Data under study below:
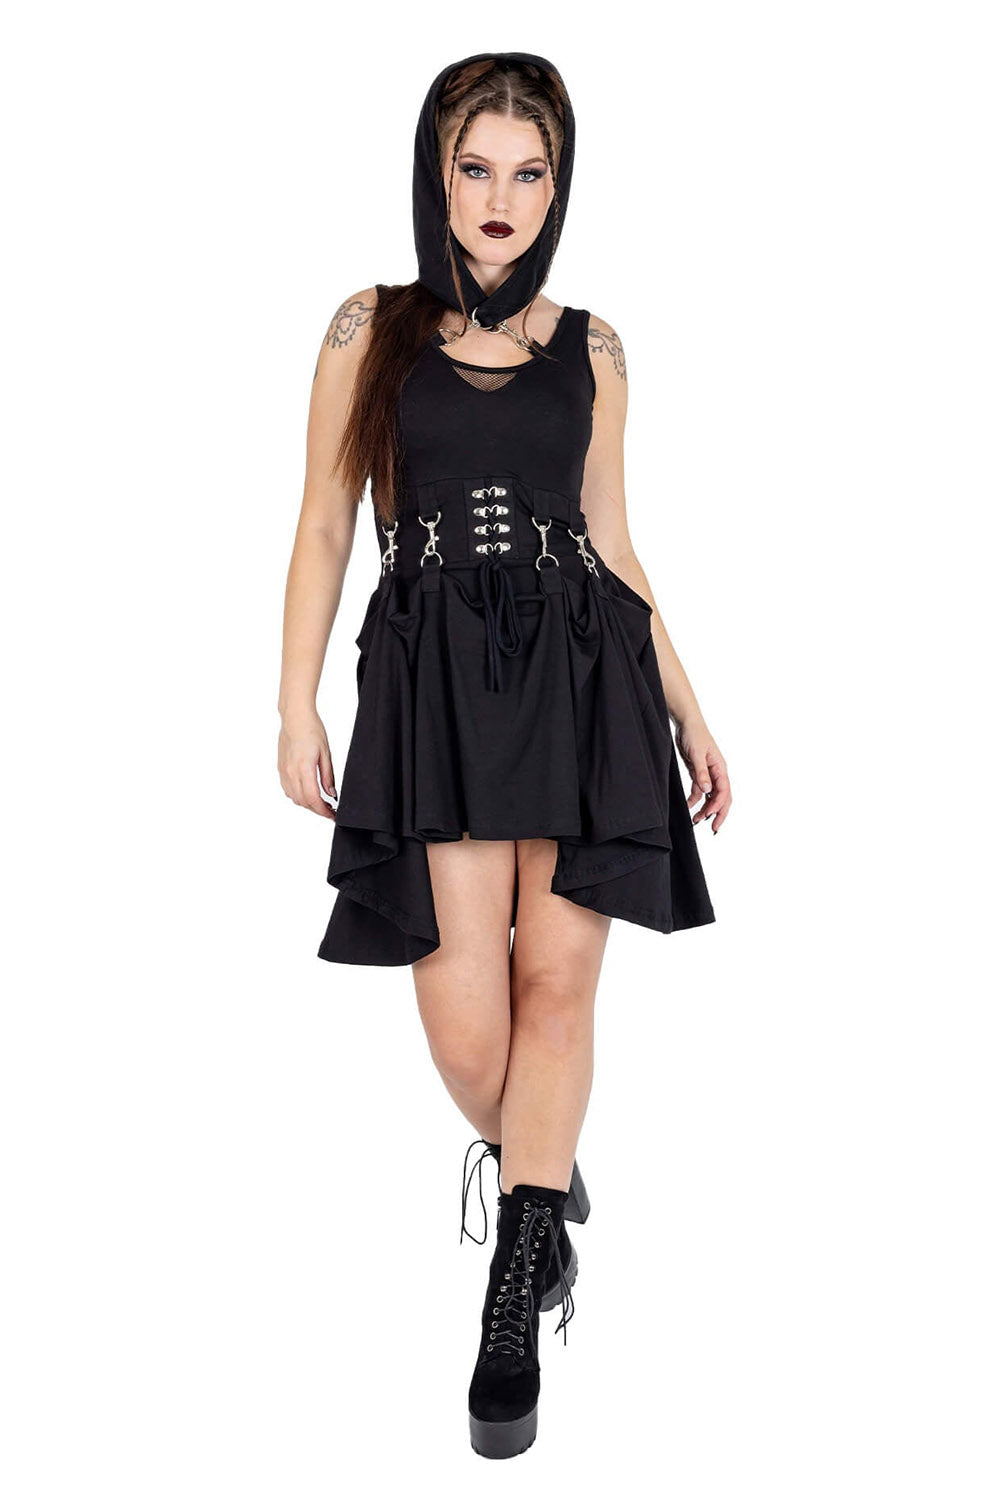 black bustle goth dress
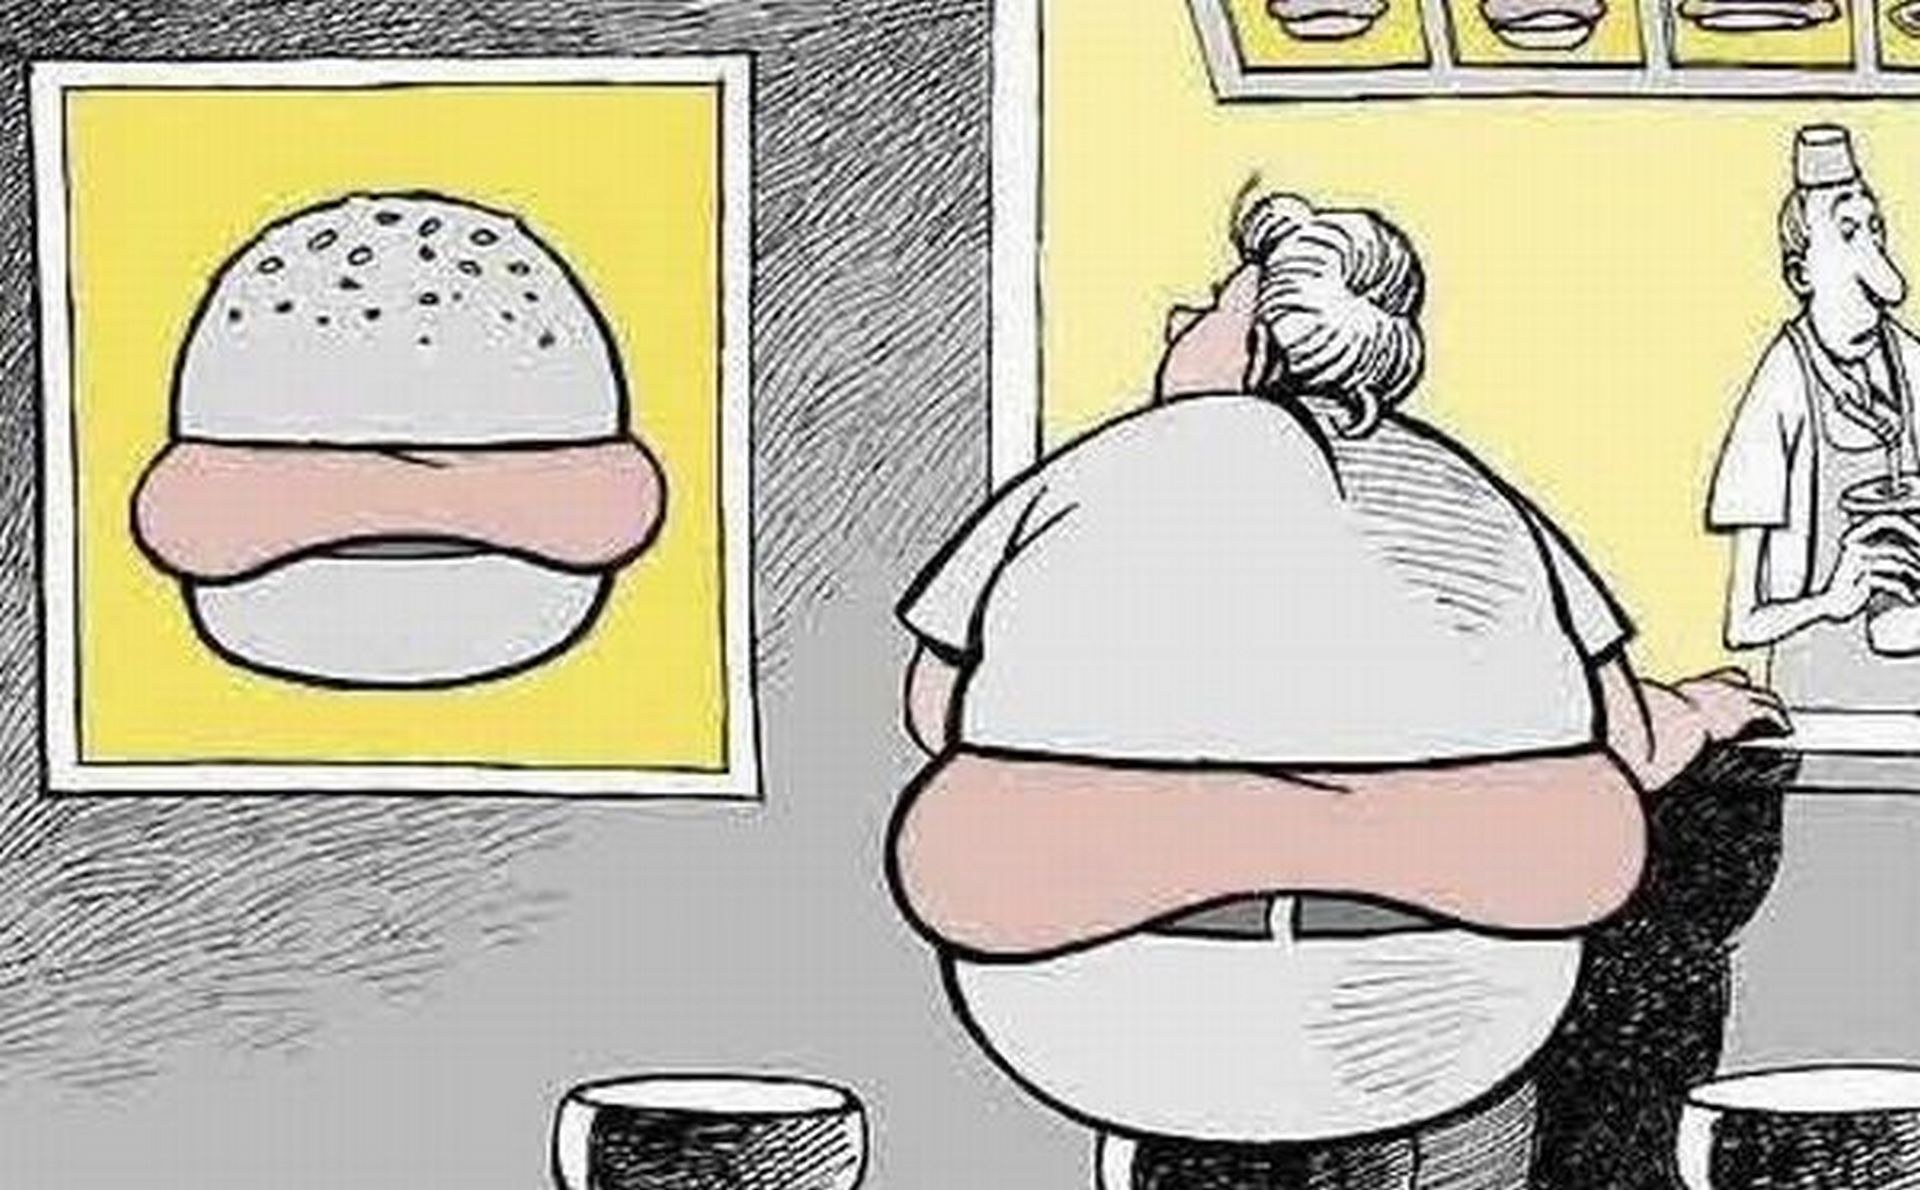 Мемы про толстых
End of Data under study.
Data under study below:
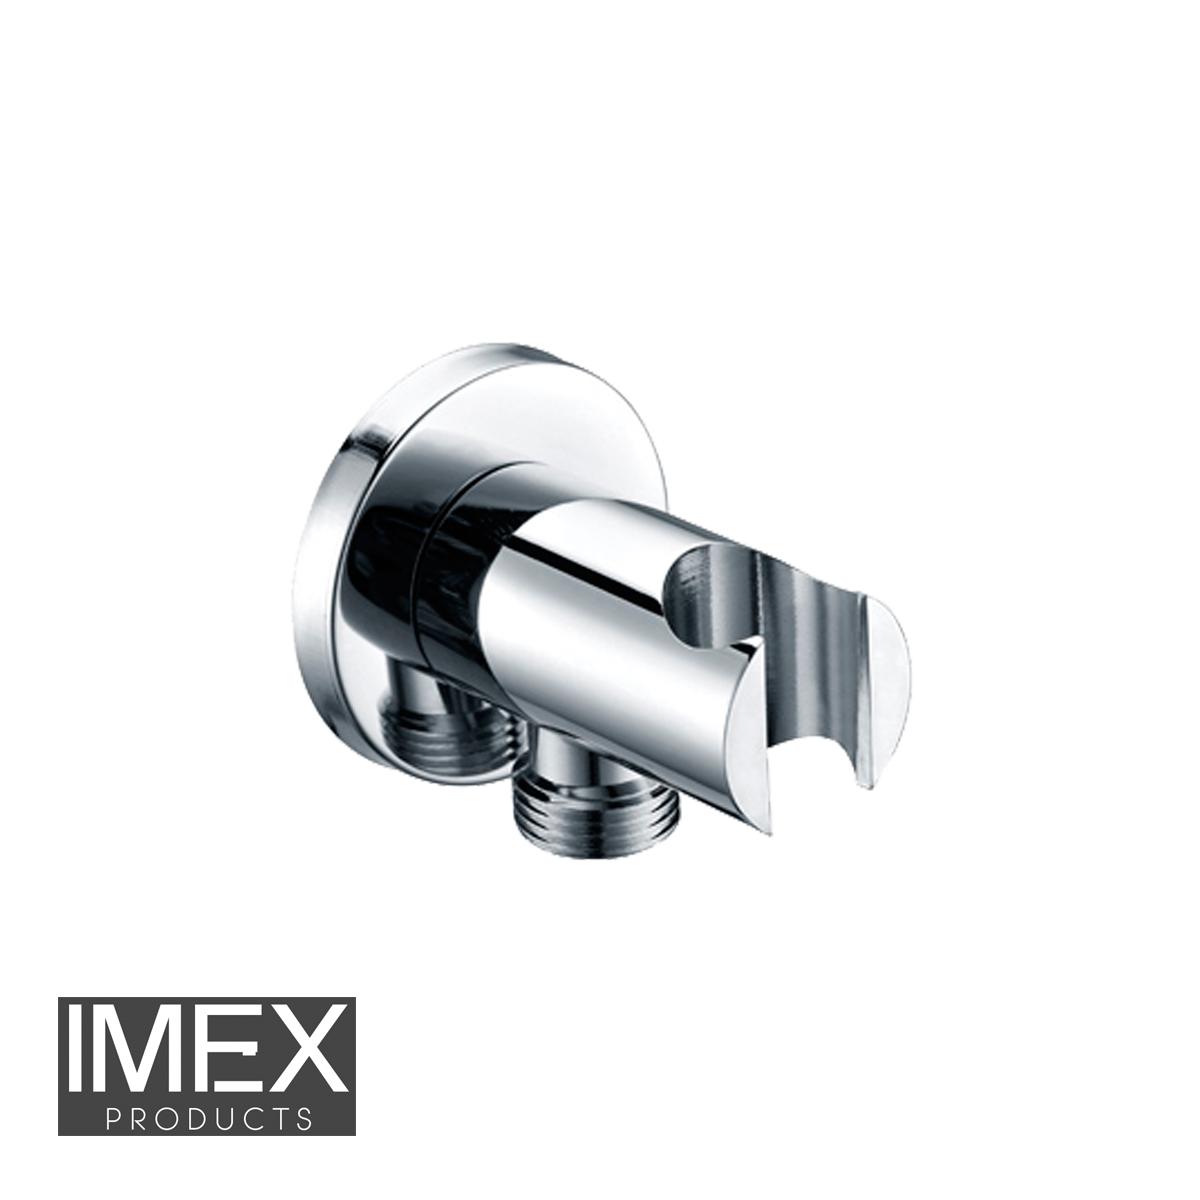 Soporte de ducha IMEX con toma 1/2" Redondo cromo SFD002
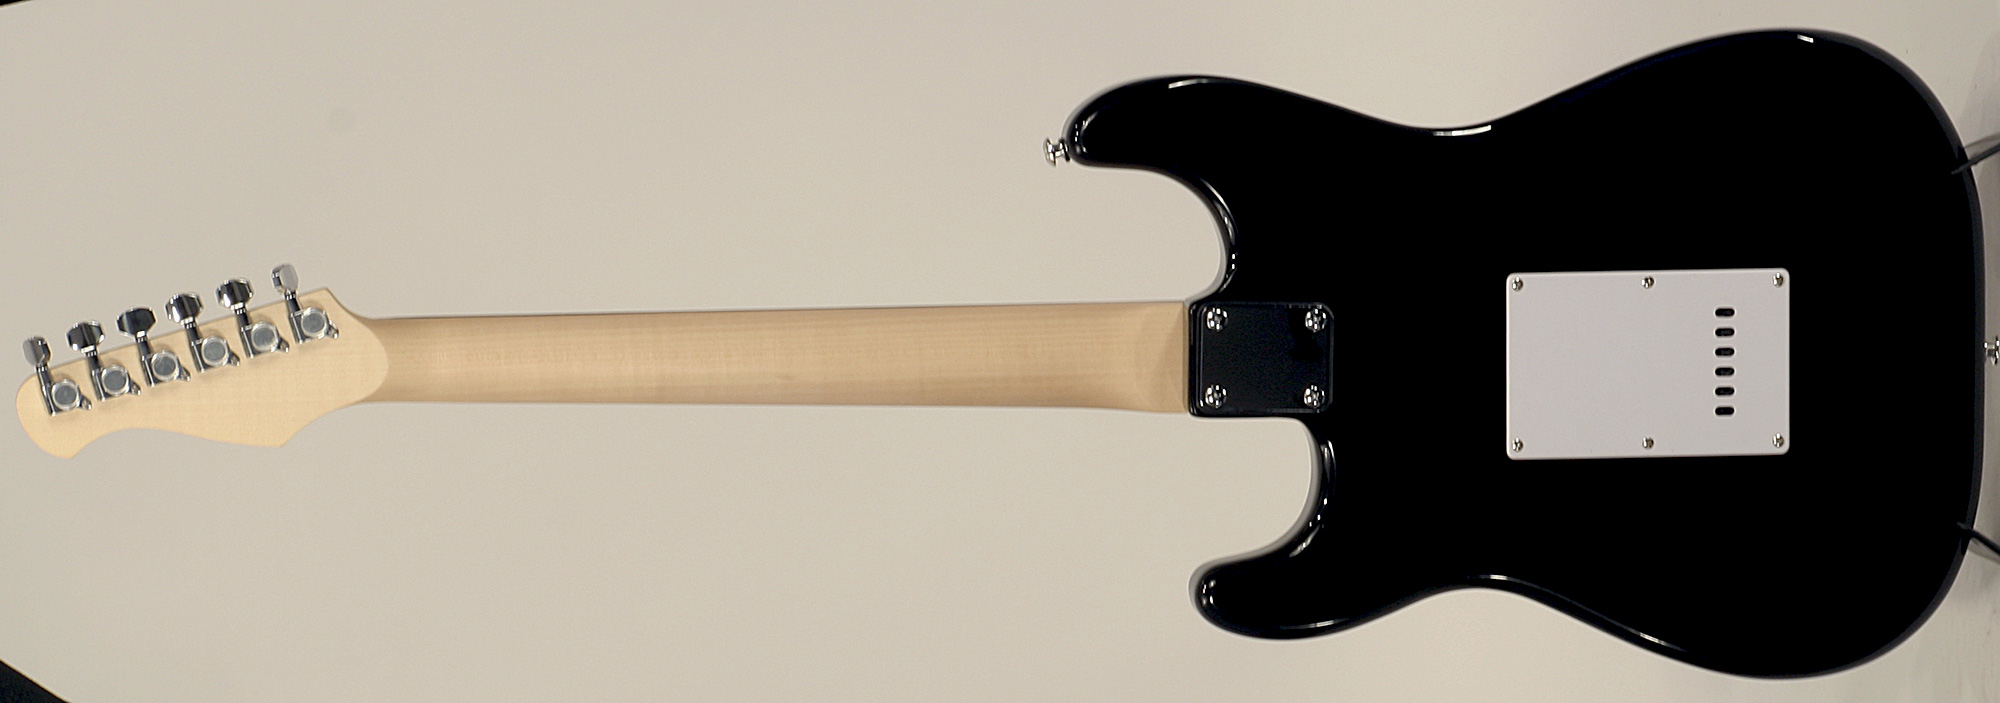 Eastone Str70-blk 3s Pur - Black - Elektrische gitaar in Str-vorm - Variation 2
End of Data under study.
Assignment: Using the records above, print exactly the lines between the ones containing "Soporte de ducha" and "Eastone Str70-blk 3s", inclusive, and nothing else; no pictures.

Answer for the task:
 Soporte de ducha IMEX con toma 1/2" Redondo cromo SFD002
 Eastone Str70-blk 3s Pur - Black - Elektrische gitaar in Str-vorm - Variation 2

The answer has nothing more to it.